• [WHAT TO WORK ON]:
Write again exactly the lines in the listing below, starting at the line with "Comtec Service Ltd" and ending at the line with "Absolutismflod, Lake Superior", both included. Pictures are not copied.

[DATA PROVIDED Boundary: Start]

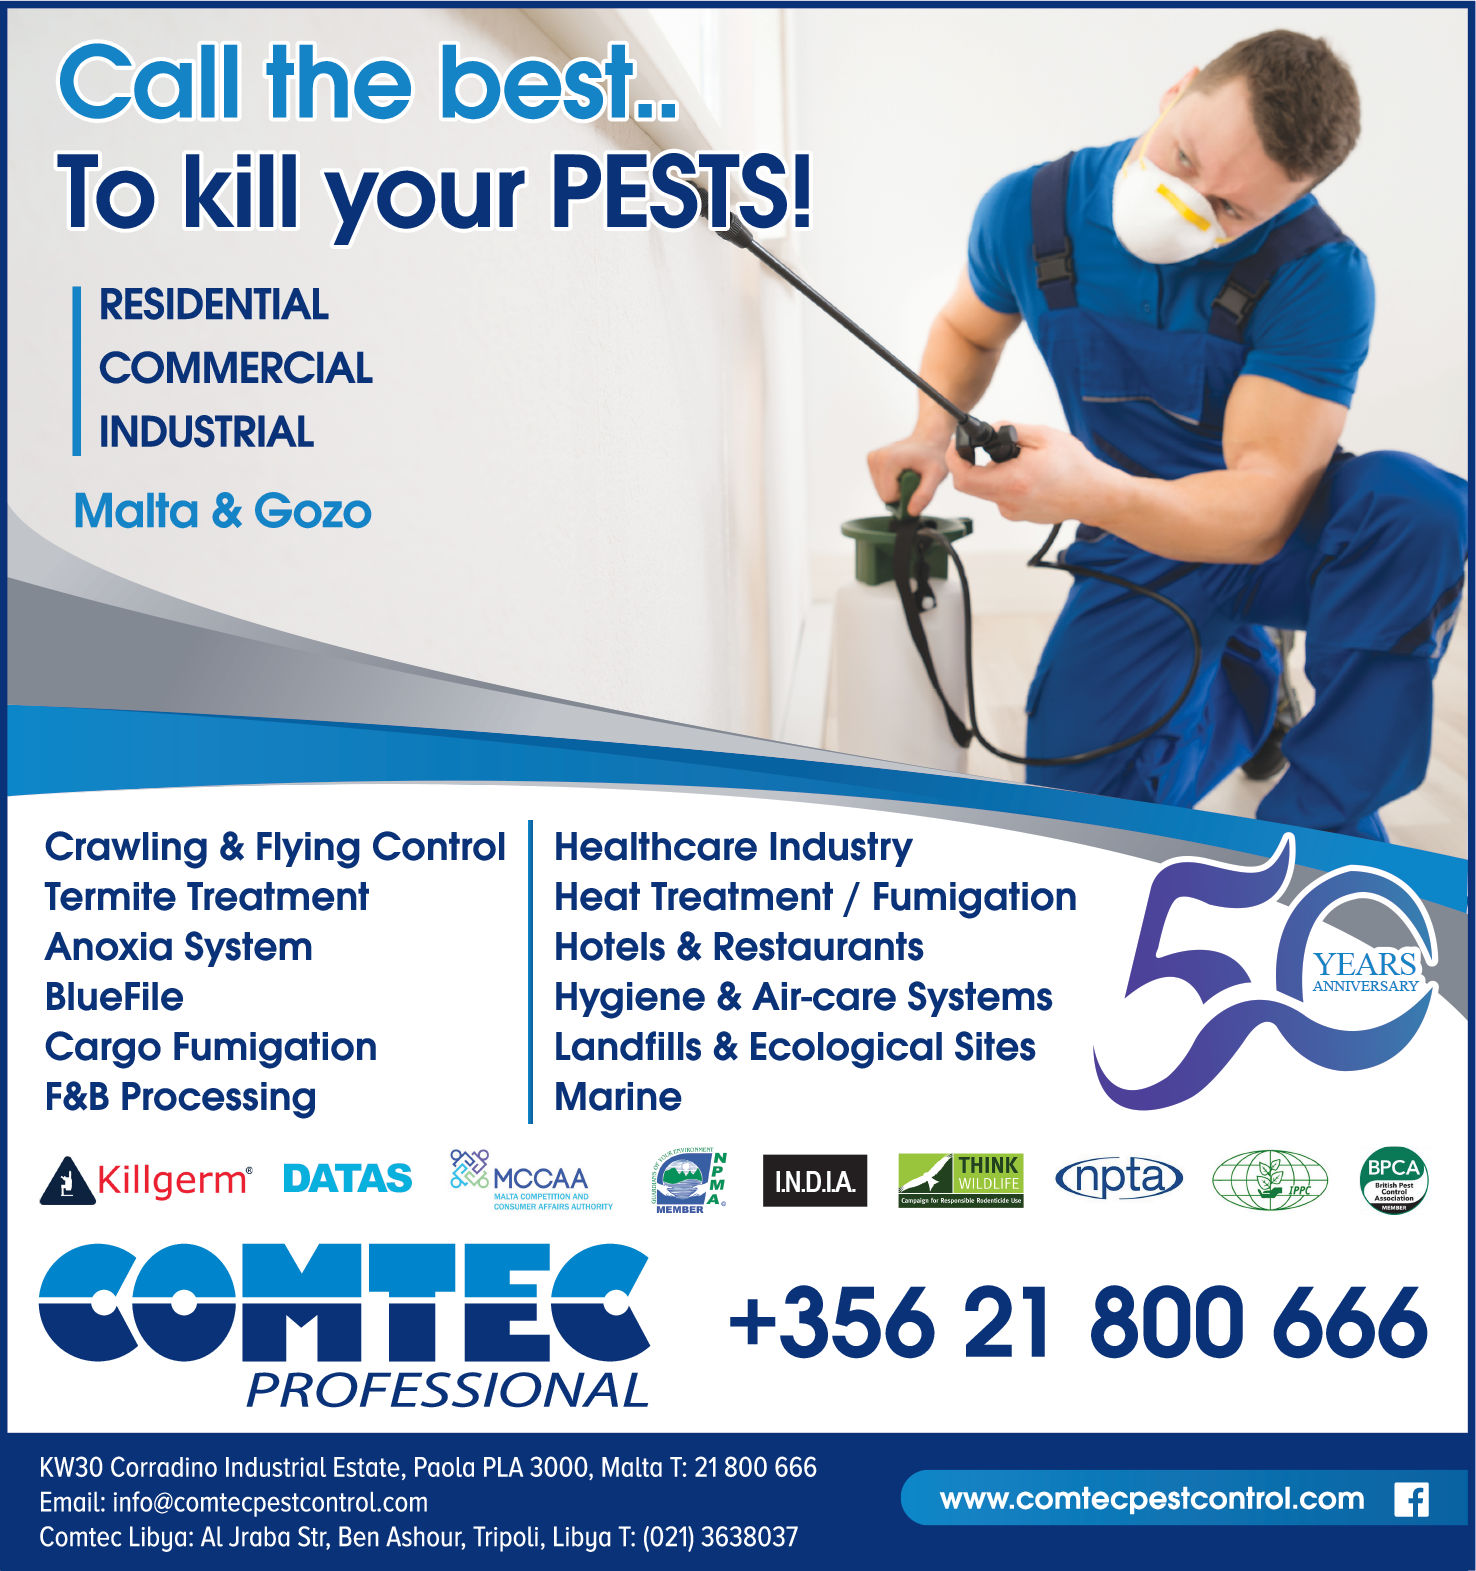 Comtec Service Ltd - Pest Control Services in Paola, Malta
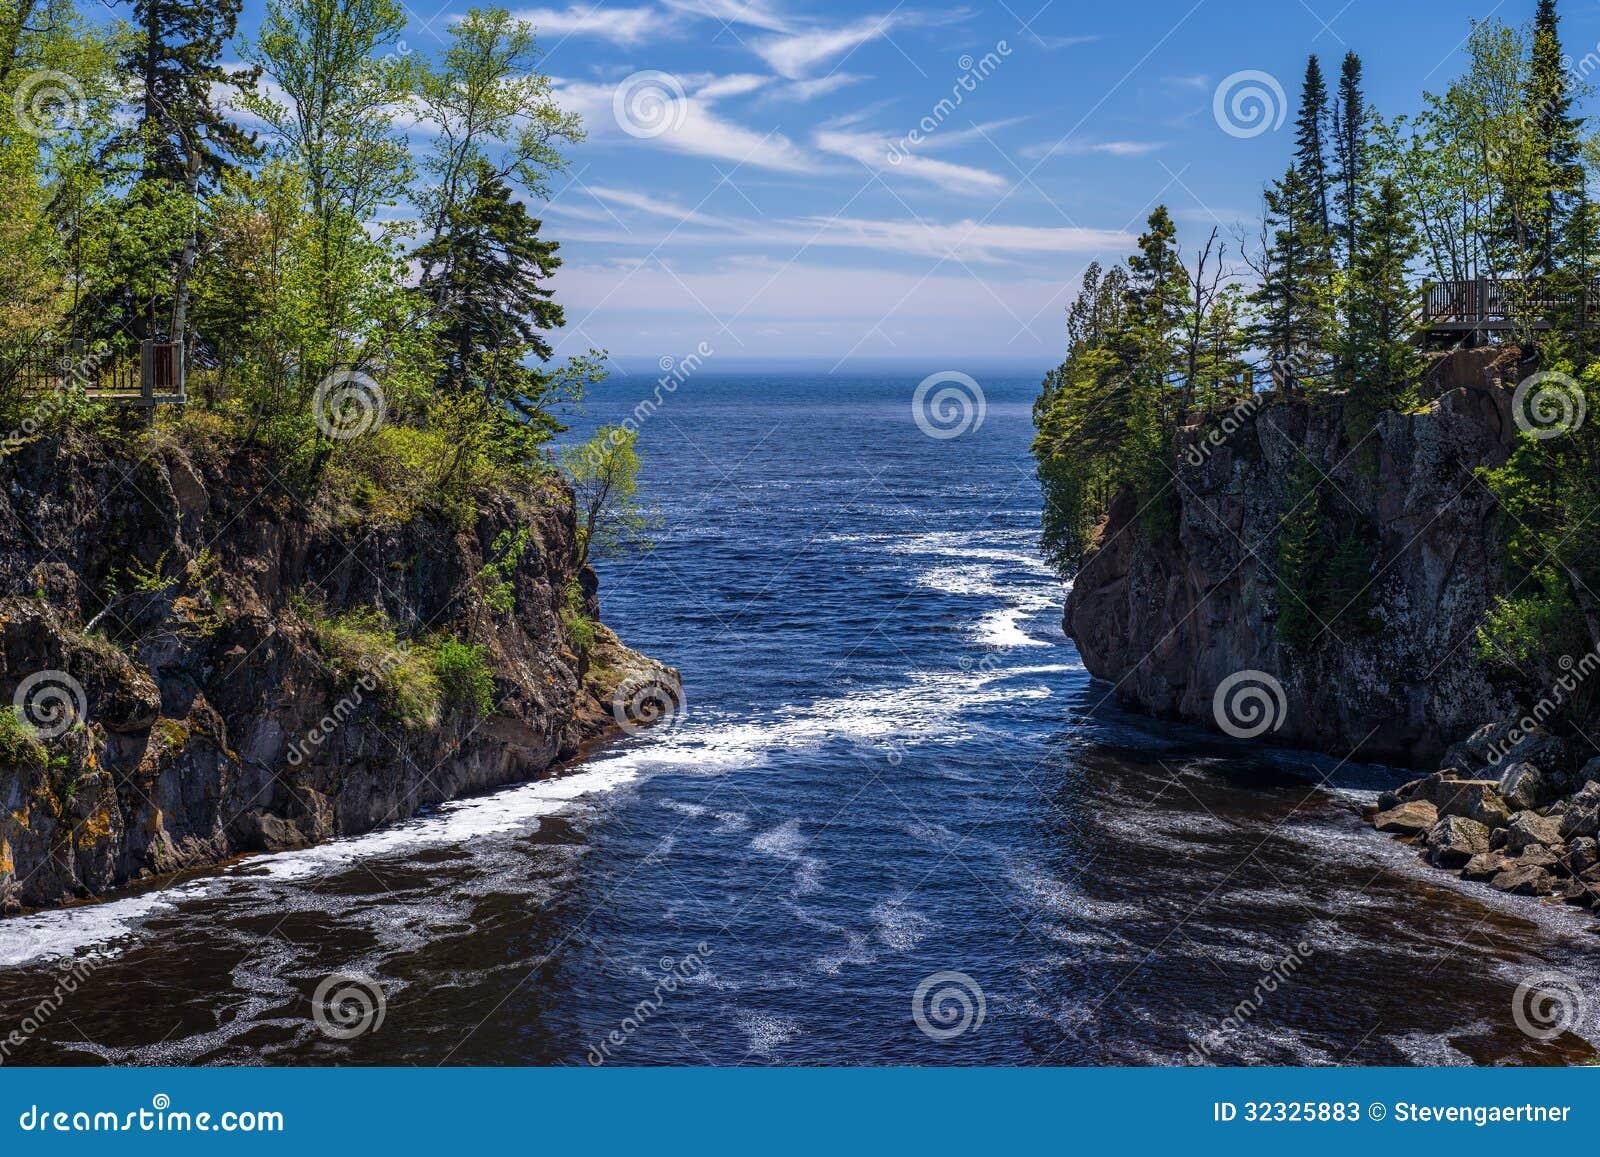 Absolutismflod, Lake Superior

[DATA PROVIDED Boundary: End]
[DATA PROVIDED Boundary: Start]

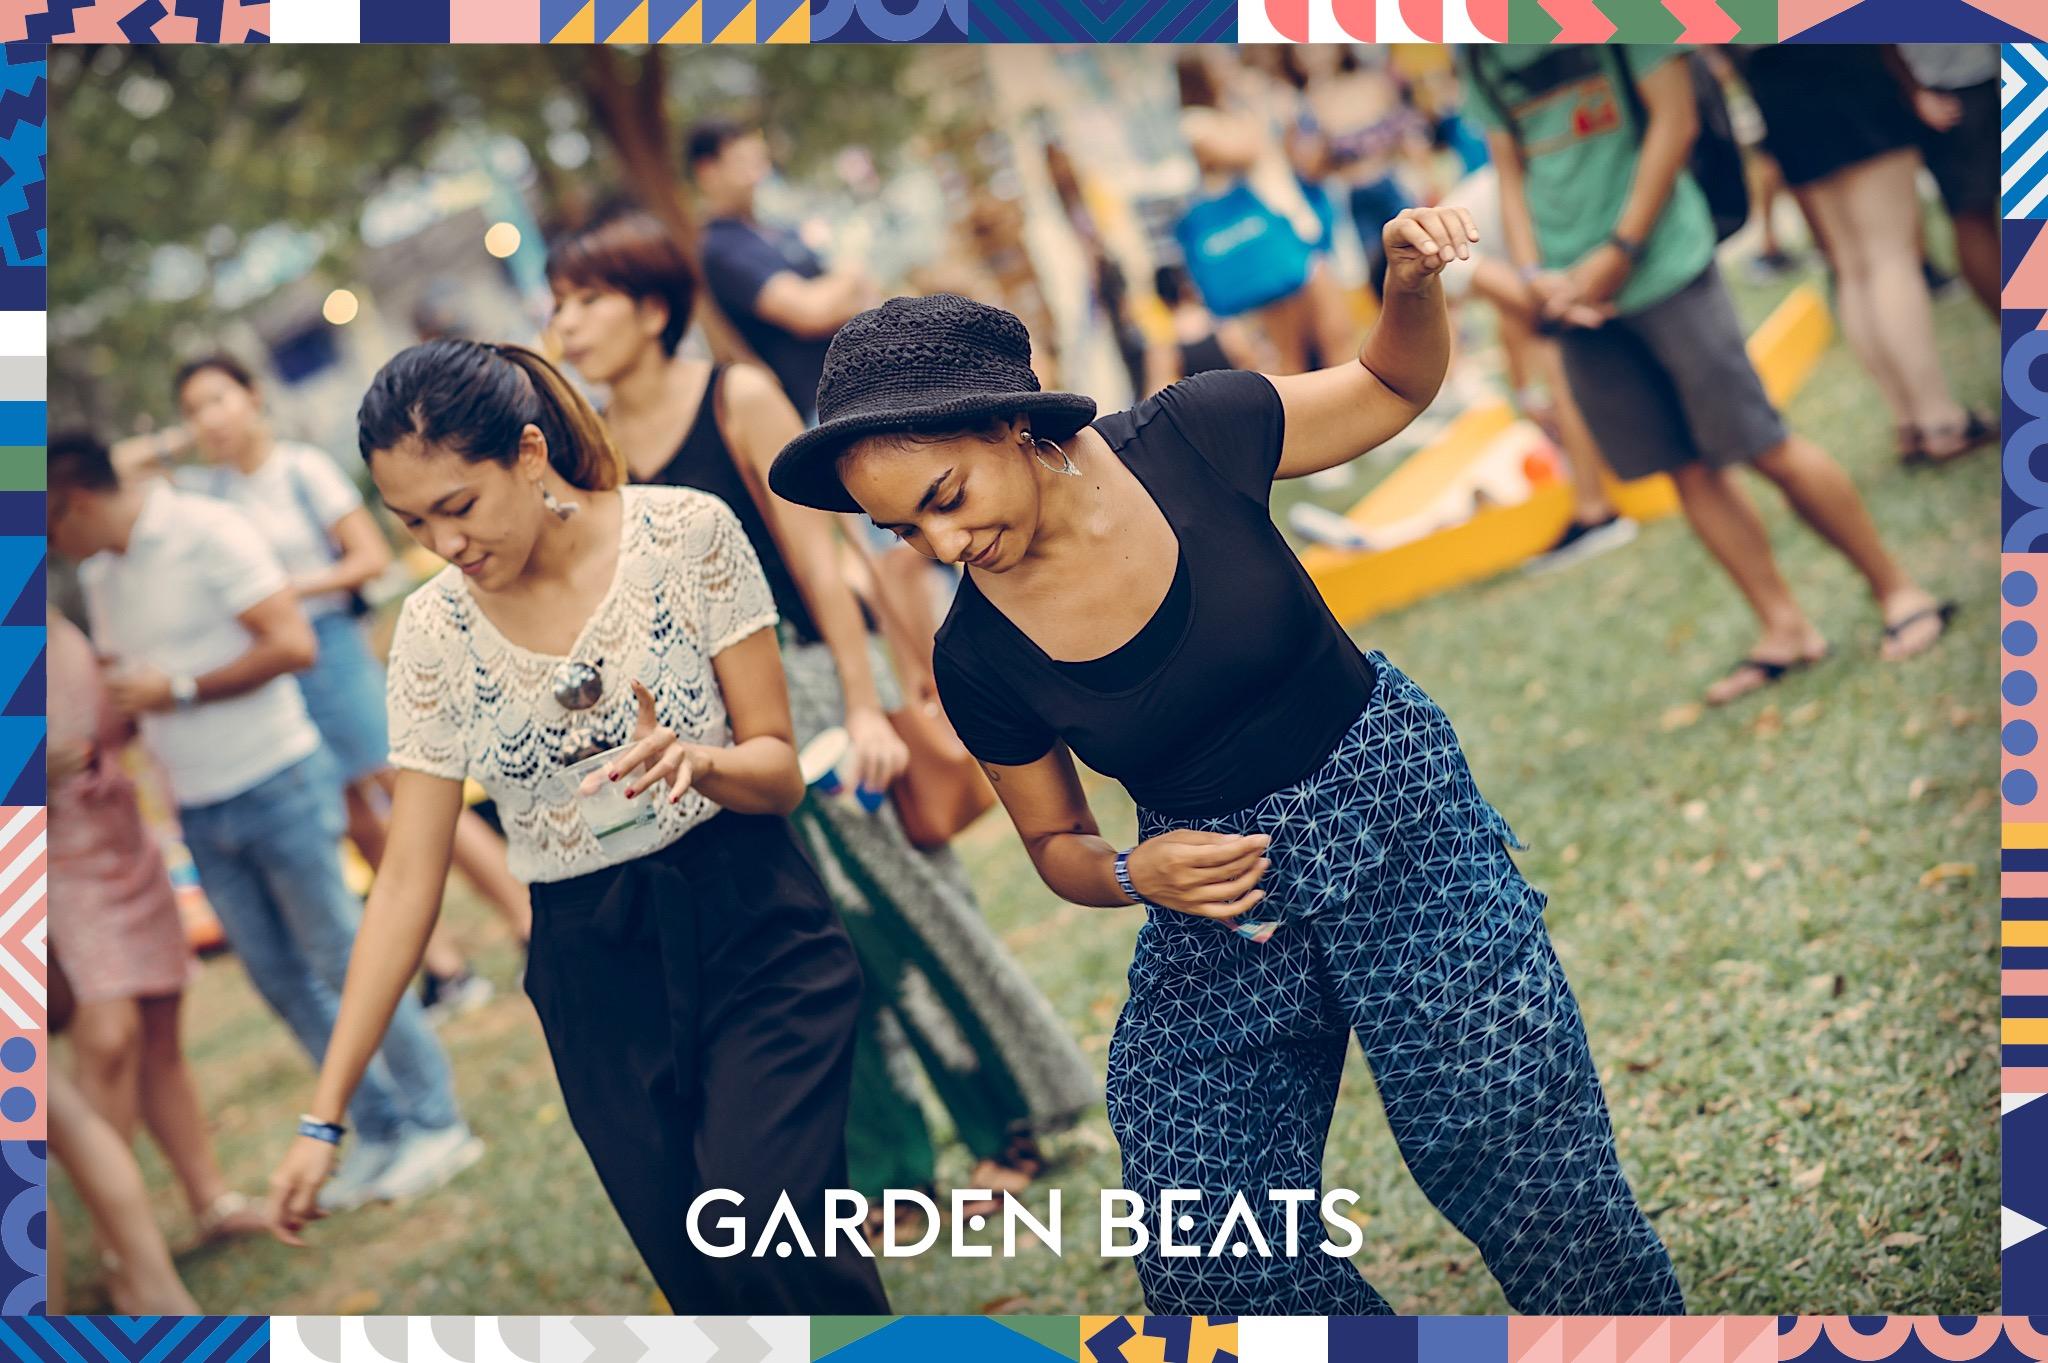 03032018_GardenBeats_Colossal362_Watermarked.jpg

[DATA PROVIDED Boundary: End]

• [RESULT]:
 Comtec Service Ltd - Pest Control Services in Paola, Malta
 Absolutismflod, Lake Superior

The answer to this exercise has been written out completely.